# When will the real numbers be Borel?

In set theory Borel sets are important, but we don't actually care about the sets. We can about the Borel codes. Namely, the algorithm to generate a given Borel set starting with the basic open sets (intervals with rational end points, or some other canonical basis) and taking countable unions, complements, and so on.

There are many proofs and arguments that look like "A Borel set $X$ is in a certain ideal if and only if it does not contain a real in a certain generic extension". And while that does give us some useful information about ground model sets via generic extensions, it is not $X$ itself that contains that generic real, but rather the "re-computation of $X$ from its code".

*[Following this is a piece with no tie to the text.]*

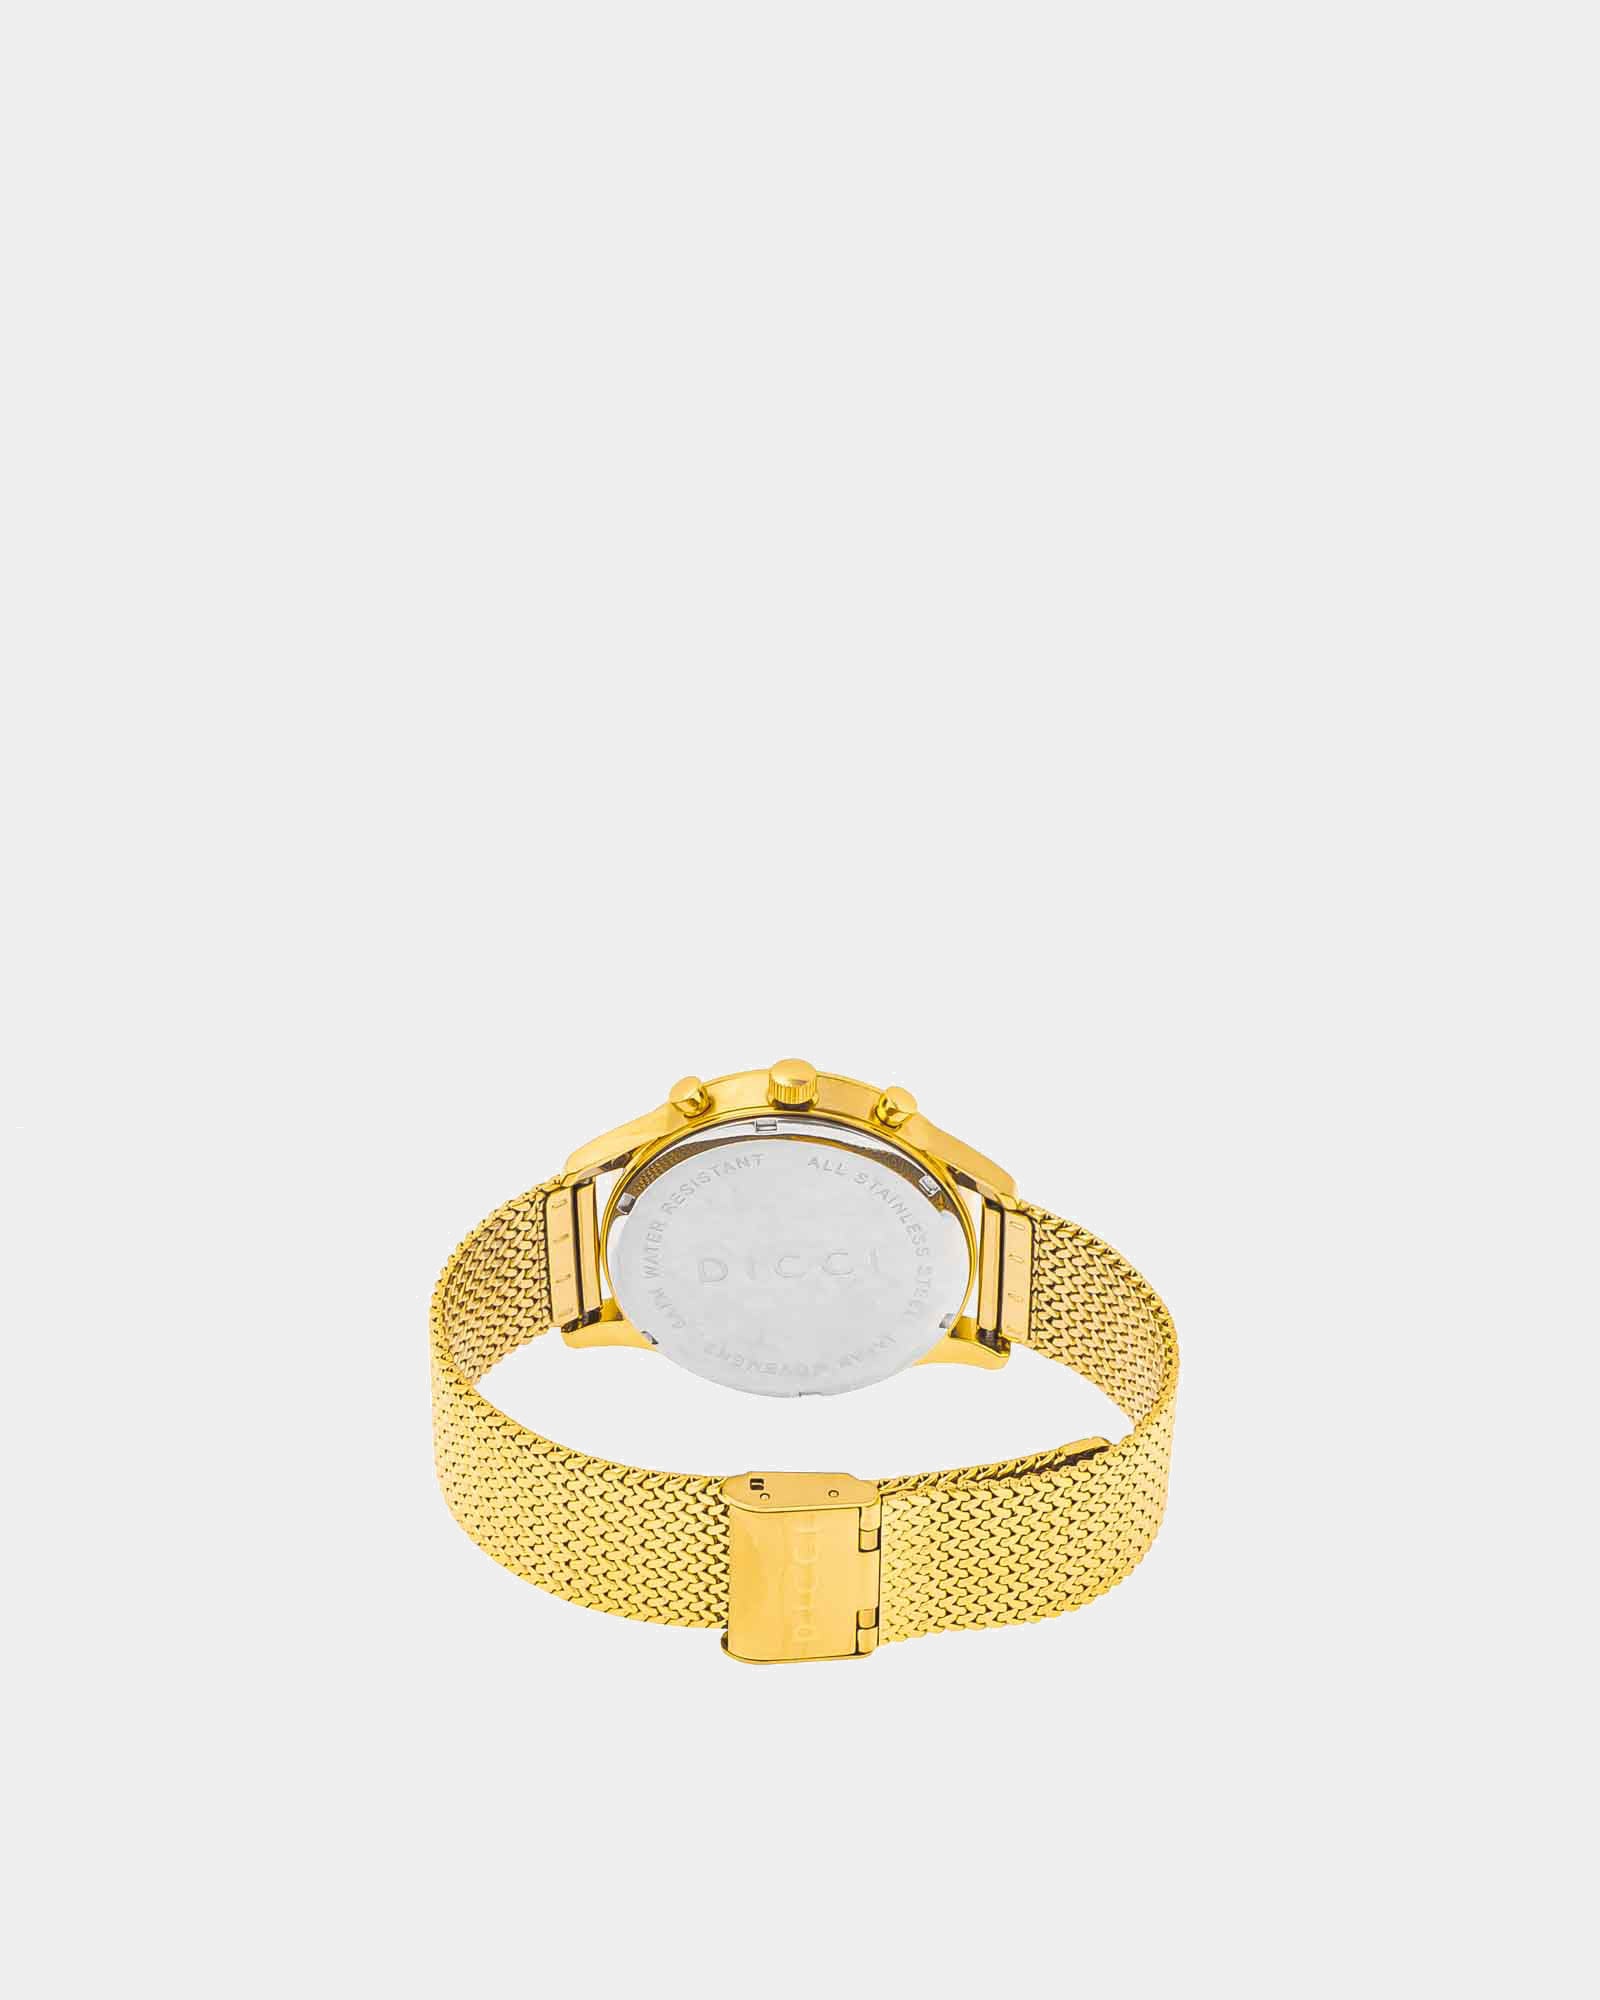 Chronometer - Relógio c/ mostrador azul com bracelete dourada - Joias Online - Dicci

But what about the set $X$? Clearly you cannot add elements to sets with forcing. When does $X$ remain Borel? Or just generally, when does $\Bbb R$ itself stay Borel in its generic extension?

Is there some relatively simple and non-trivial condition on a generic real $c$ for which ground model Borel sets remain Borel? What about when adding uncountably many reals?

Clearly, if we collapse $2^{\aleph_0}$ to $\aleph_0$, then all the sets of reals become countable and thus Borel. But I'm looking for something a bit more robust, such as a simple criterion to check against Cohen, Sacks, Random, etc.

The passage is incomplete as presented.